Each line of the data below from the one holding "greendish marktpeiling" to the one holding "a female hand", inclusive, is to be reproduced exactly; no other line belongs in the answer.

** Task material **

════════════════

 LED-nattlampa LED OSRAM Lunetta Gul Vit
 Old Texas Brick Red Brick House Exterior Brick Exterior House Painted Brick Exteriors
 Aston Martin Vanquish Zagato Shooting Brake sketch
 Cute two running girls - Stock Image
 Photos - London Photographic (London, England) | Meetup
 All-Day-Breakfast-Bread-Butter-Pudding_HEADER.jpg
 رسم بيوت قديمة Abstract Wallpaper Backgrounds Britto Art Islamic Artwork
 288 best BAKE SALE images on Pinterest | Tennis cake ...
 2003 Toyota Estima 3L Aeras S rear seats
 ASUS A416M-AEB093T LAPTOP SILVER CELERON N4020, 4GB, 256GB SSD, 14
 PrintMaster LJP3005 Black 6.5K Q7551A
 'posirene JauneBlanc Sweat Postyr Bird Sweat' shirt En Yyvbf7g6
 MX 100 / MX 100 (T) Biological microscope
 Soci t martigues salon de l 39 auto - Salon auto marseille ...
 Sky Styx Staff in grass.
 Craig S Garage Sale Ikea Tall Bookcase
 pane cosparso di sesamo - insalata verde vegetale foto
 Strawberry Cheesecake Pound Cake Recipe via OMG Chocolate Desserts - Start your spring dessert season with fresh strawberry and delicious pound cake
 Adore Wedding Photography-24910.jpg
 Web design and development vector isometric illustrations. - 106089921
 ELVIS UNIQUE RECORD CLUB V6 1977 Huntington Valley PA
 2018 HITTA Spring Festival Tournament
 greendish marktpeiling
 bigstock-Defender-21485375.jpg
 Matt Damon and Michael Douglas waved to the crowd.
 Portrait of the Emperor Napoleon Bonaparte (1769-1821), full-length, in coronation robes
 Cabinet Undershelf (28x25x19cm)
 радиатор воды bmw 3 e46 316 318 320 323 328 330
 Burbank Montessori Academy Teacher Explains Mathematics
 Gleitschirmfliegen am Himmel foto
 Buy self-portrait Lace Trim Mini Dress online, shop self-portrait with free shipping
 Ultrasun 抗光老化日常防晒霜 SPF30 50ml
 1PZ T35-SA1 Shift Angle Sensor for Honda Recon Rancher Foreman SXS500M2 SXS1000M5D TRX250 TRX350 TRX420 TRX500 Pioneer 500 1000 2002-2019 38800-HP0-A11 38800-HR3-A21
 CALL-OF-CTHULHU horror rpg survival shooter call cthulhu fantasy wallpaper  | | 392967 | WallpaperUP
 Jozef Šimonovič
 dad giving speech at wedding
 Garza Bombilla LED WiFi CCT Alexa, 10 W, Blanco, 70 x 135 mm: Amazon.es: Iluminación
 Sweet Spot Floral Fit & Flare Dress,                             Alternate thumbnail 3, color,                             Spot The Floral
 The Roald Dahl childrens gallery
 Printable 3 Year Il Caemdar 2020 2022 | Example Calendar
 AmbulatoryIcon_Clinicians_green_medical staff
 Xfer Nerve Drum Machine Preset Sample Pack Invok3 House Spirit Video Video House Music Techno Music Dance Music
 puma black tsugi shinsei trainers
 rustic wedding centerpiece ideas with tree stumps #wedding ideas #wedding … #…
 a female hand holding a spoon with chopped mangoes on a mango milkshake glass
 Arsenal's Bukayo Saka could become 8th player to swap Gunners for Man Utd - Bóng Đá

════════════════

** Written answer **
 greendish marktpeiling
 bigstock-Defender-21485375.jpg
 Matt Damon and Michael Douglas waved to the crowd.
 Portrait of the Emperor Napoleon Bonaparte (1769-1821), full-length, in coronation robes
 Cabinet Undershelf (28x25x19cm)
 радиатор воды bmw 3 e46 316 318 320 323 328 330
 Burbank Montessori Academy Teacher Explains Mathematics
 Gleitschirmfliegen am Himmel foto
 Buy self-portrait Lace Trim Mini Dress online, shop self-portrait with free shipping
 Ultrasun 抗光老化日常防晒霜 SPF30 50ml
 1PZ T35-SA1 Shift Angle Sensor for Honda Recon Rancher Foreman SXS500M2 SXS1000M5D TRX250 TRX350 TRX420 TRX500 Pioneer 500 1000 2002-2019 38800-HP0-A11 38800-HR3-A21
 CALL-OF-CTHULHU horror rpg survival shooter call cthulhu fantasy wallpaper  | | 392967 | WallpaperUP
 Jozef Šimonovič
 dad giving speech at wedding
 Garza Bombilla LED WiFi CCT Alexa, 10 W, Blanco, 70 x 135 mm: Amazon.es: Iluminación
 Sweet Spot Floral Fit & Flare Dress,                             Alternate thumbnail 3, color,                             Spot The Floral
 The Roald Dahl childrens gallery
 Printable 3 Year Il Caemdar 2020 2022 | Example Calendar
 AmbulatoryIcon_Clinicians_green_medical staff
 Xfer Nerve Drum Machine Preset Sample Pack Invok3 House Spirit Video Video House Music Techno Music Dance Music
 puma black tsugi shinsei trainers
 rustic wedding centerpiece ideas with tree stumps #wedding ideas #wedding … #…
 a female hand holding a spoon with chopped mangoes on a mango milkshake glass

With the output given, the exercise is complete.